4.2.1 I/0 Response Time. The proposed GC scheme intends to perform the best fit assembled partial GC operations in idle time slots. Because the average I/O response time depends on the size of requests in the traces, it varies greatly when processing different traces. Therefore, we collect the normalized I/O response performance including the read latency, the write latency, and the overall I/O latency in this section, and Figure 5 shows the results.

Fig. 5. The normalized I/O response time including read latency, write latency, and overall I/O latency. The numbers underlying X-axis are the absolute time with *Baseline*.

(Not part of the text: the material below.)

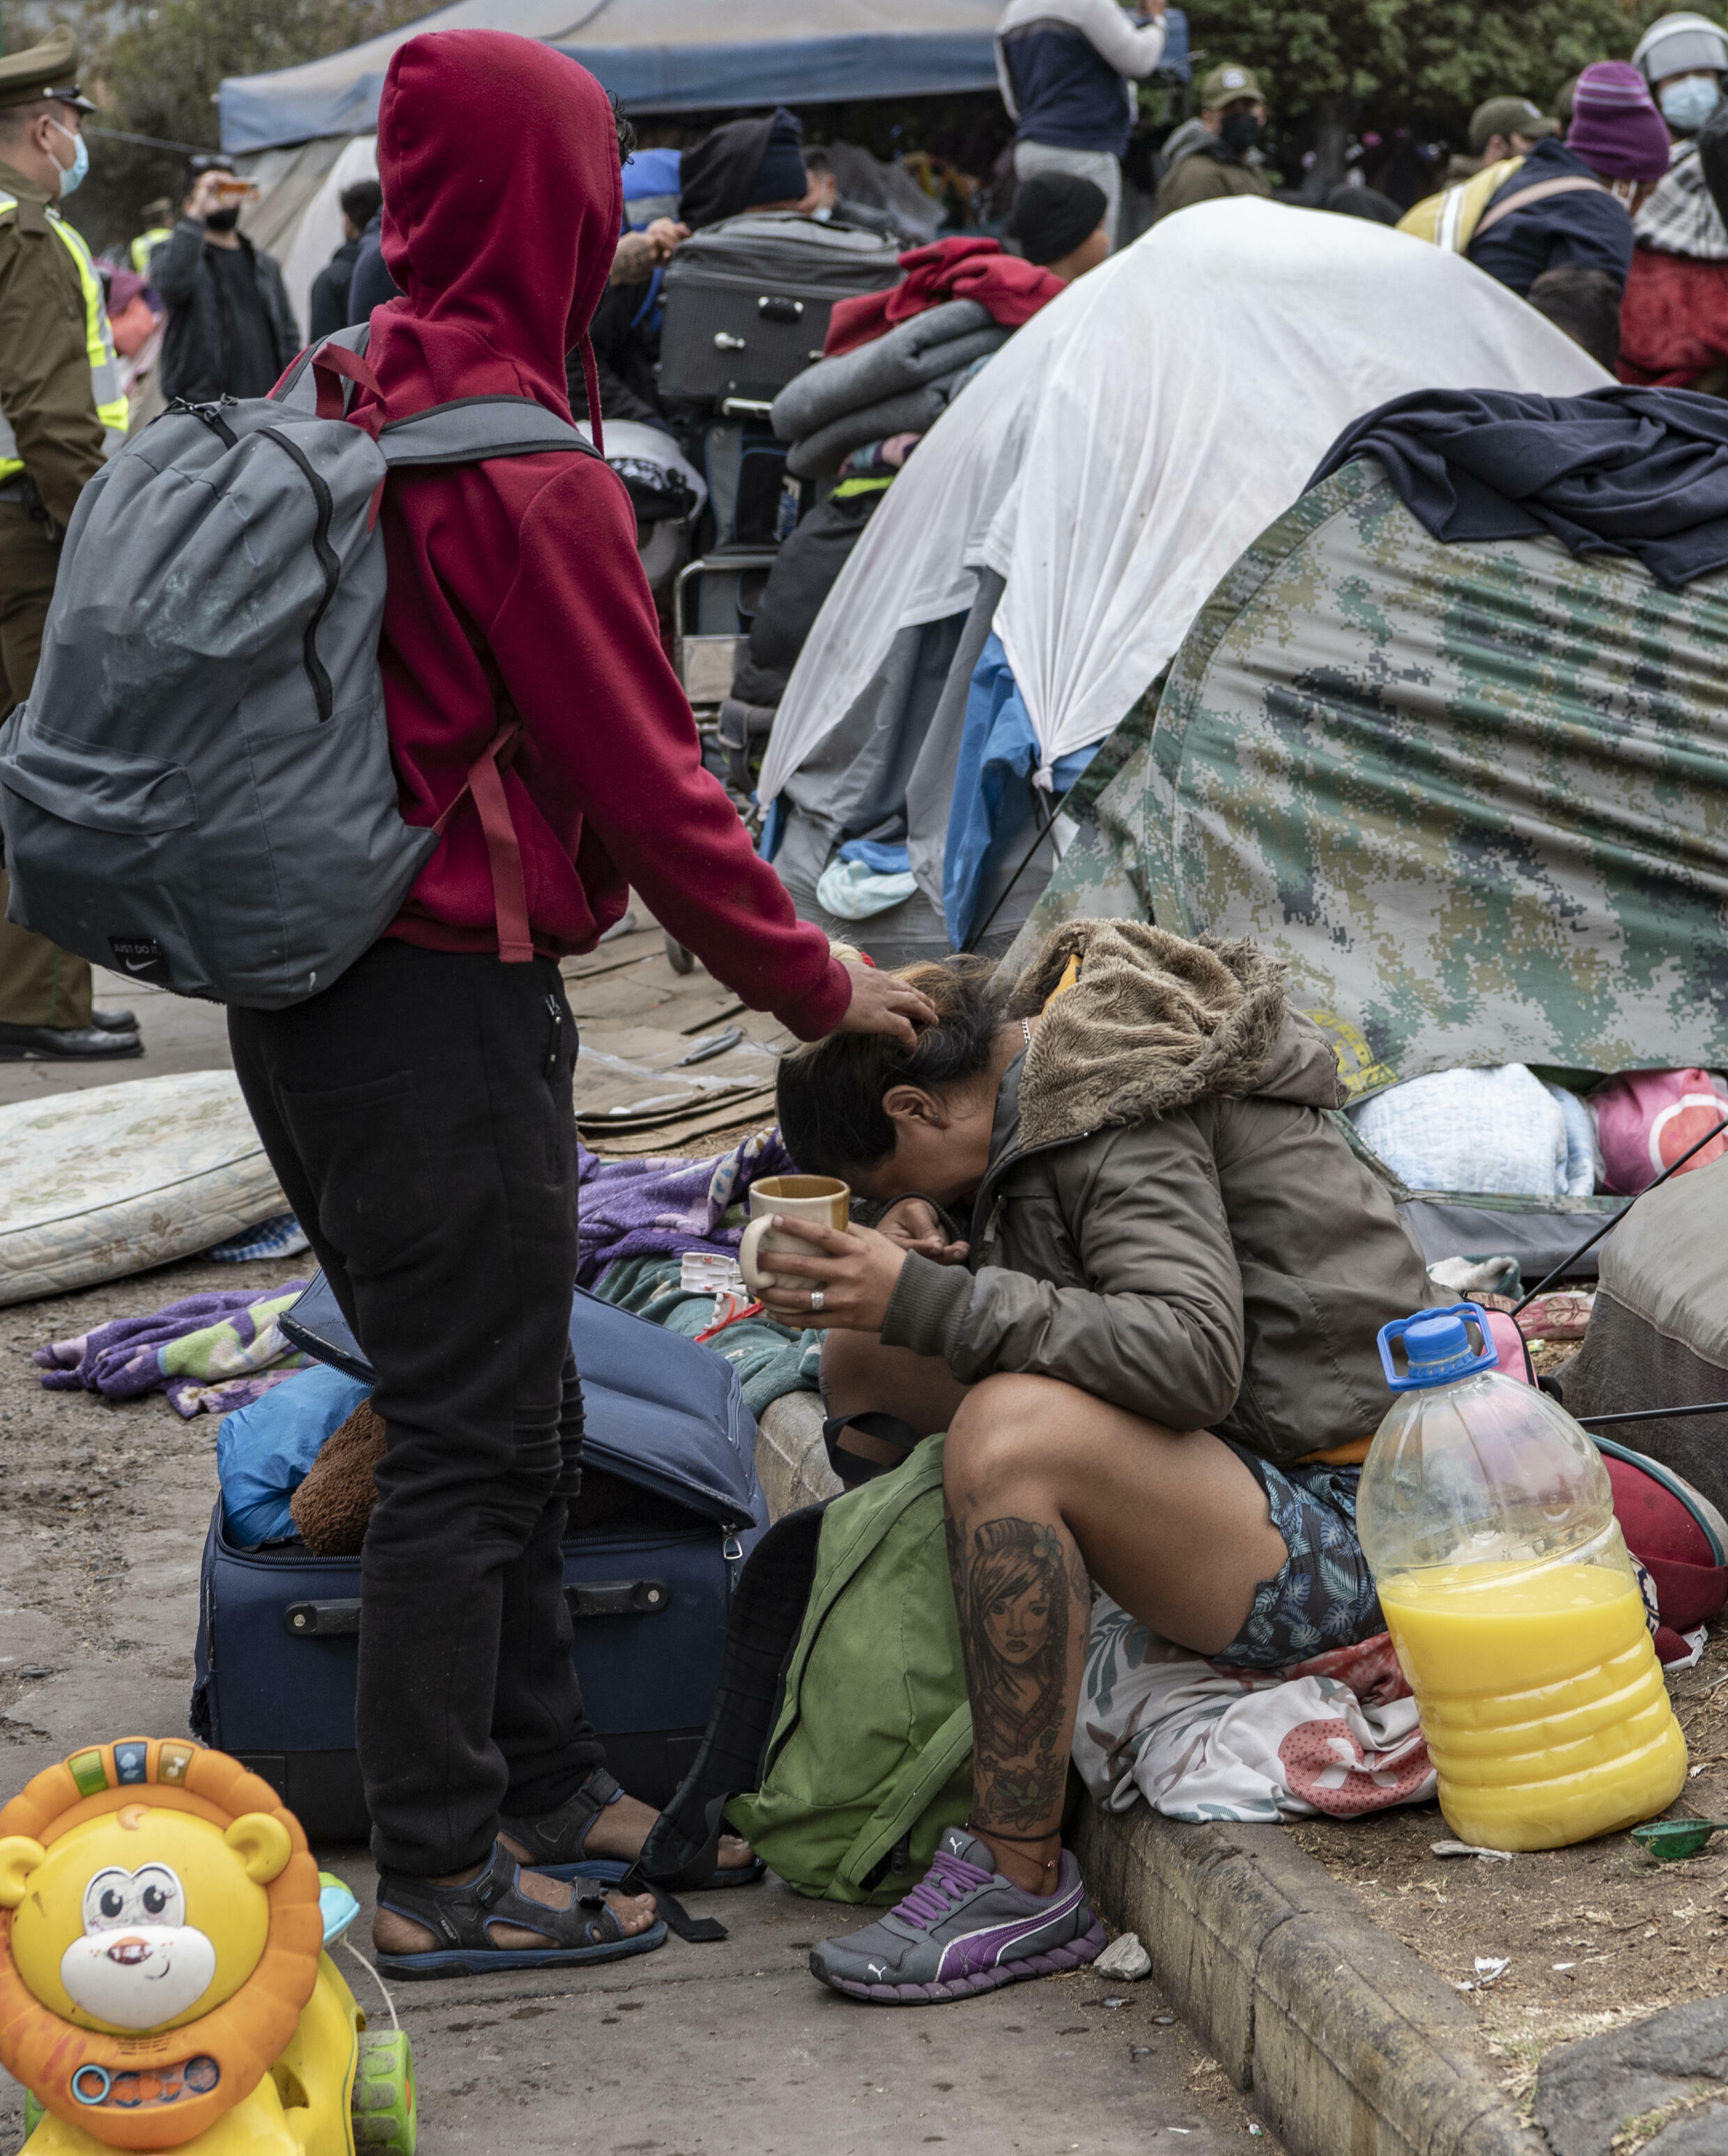 El desalojo se produce antes de una marcha prevista en la ciudad contra los inmigrantes indocumentados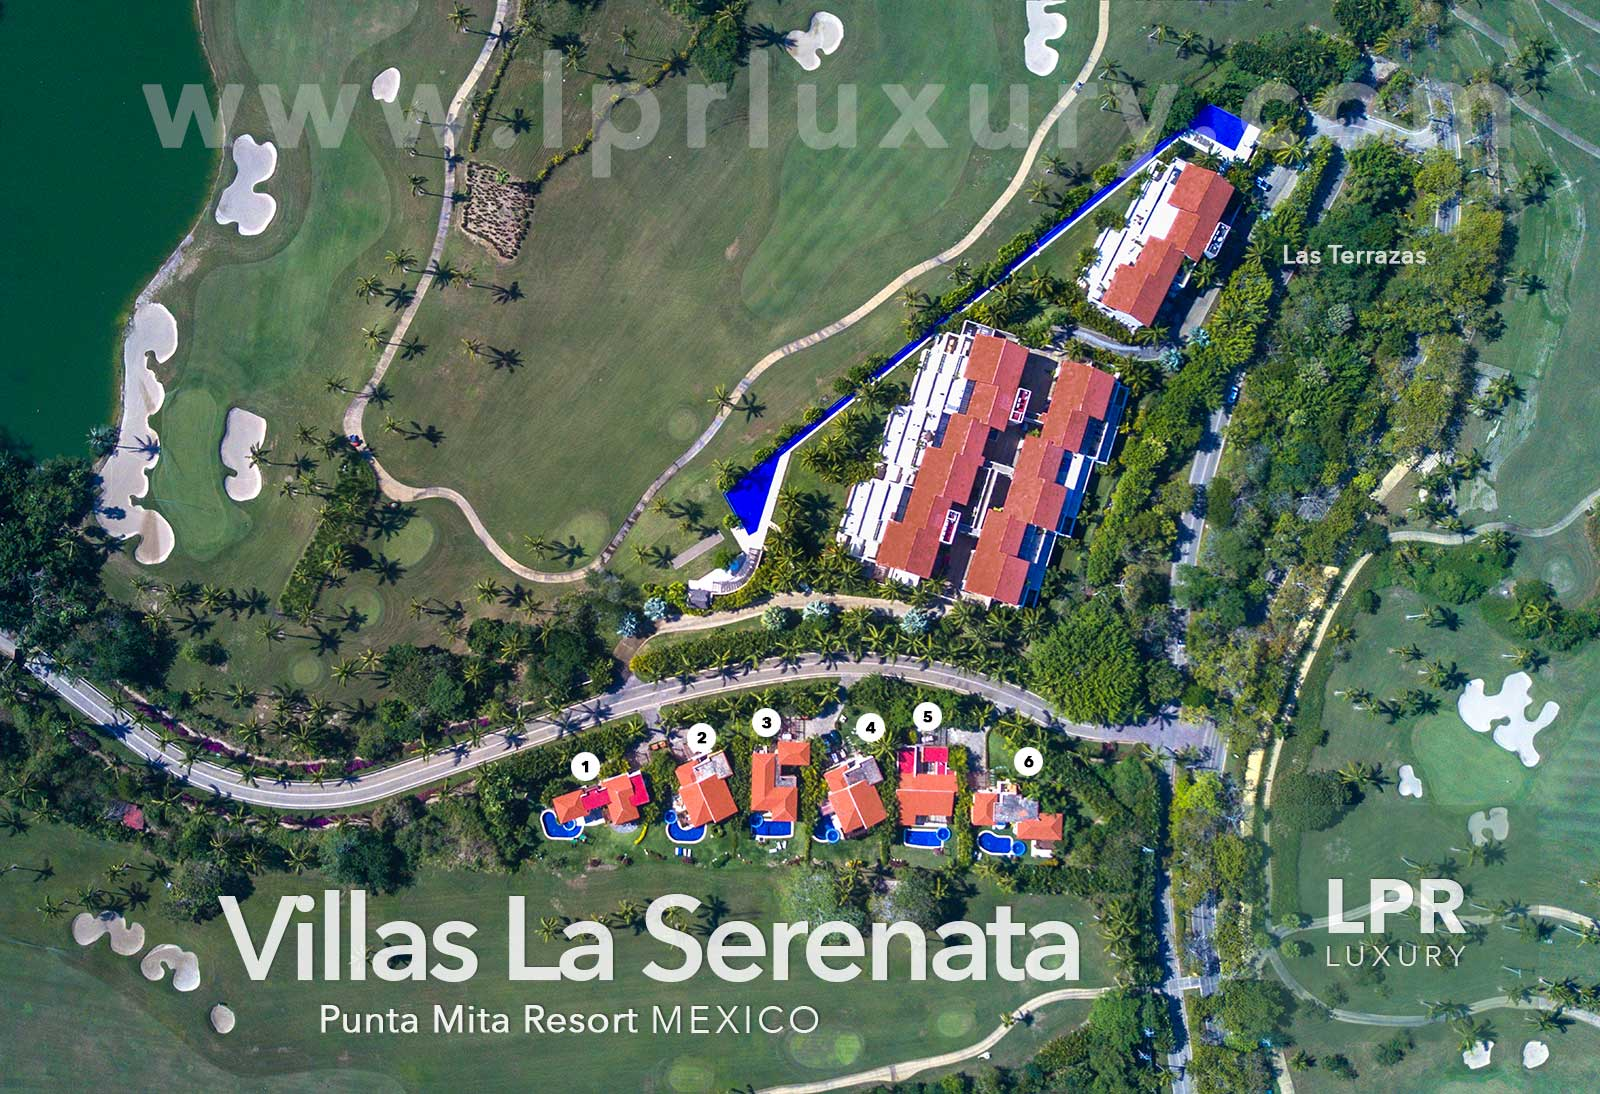 Villas La Serenata at the exclusive Punta Mita Resort, Riviera Nayarit, Mexico

As seen, Demand brings about the least I/O response time in all traces, while Baseline performs the worst except for the two YCSB traces, because it does not enable optimization strategies on GC scheduling. While running two YCSB traces, the aggressive partial write operations in Demand interfere with foreground read requests, so Demand does slightly worse than Baseline in the measurement of read latency. More exactly, compared with the related work, our proposal can reduce the response time by 43.2% on average in our tests. We argue the reason is that CachedGC only flushes the buffered data to SSD blocks in the idle time, it fails to schedule Erase and Read operations to be processed in the idle time. Erase Suspension cannot benefit to write requests, as only the read requests have a high priority than GC operations, and Arima is good at the prediction of short-term stationary series and not adapted to our scenarios (see prediction accuracy in Table 3).

Table 3. Prediction Accuracy for I/O Intensity (FFT & ARIMA)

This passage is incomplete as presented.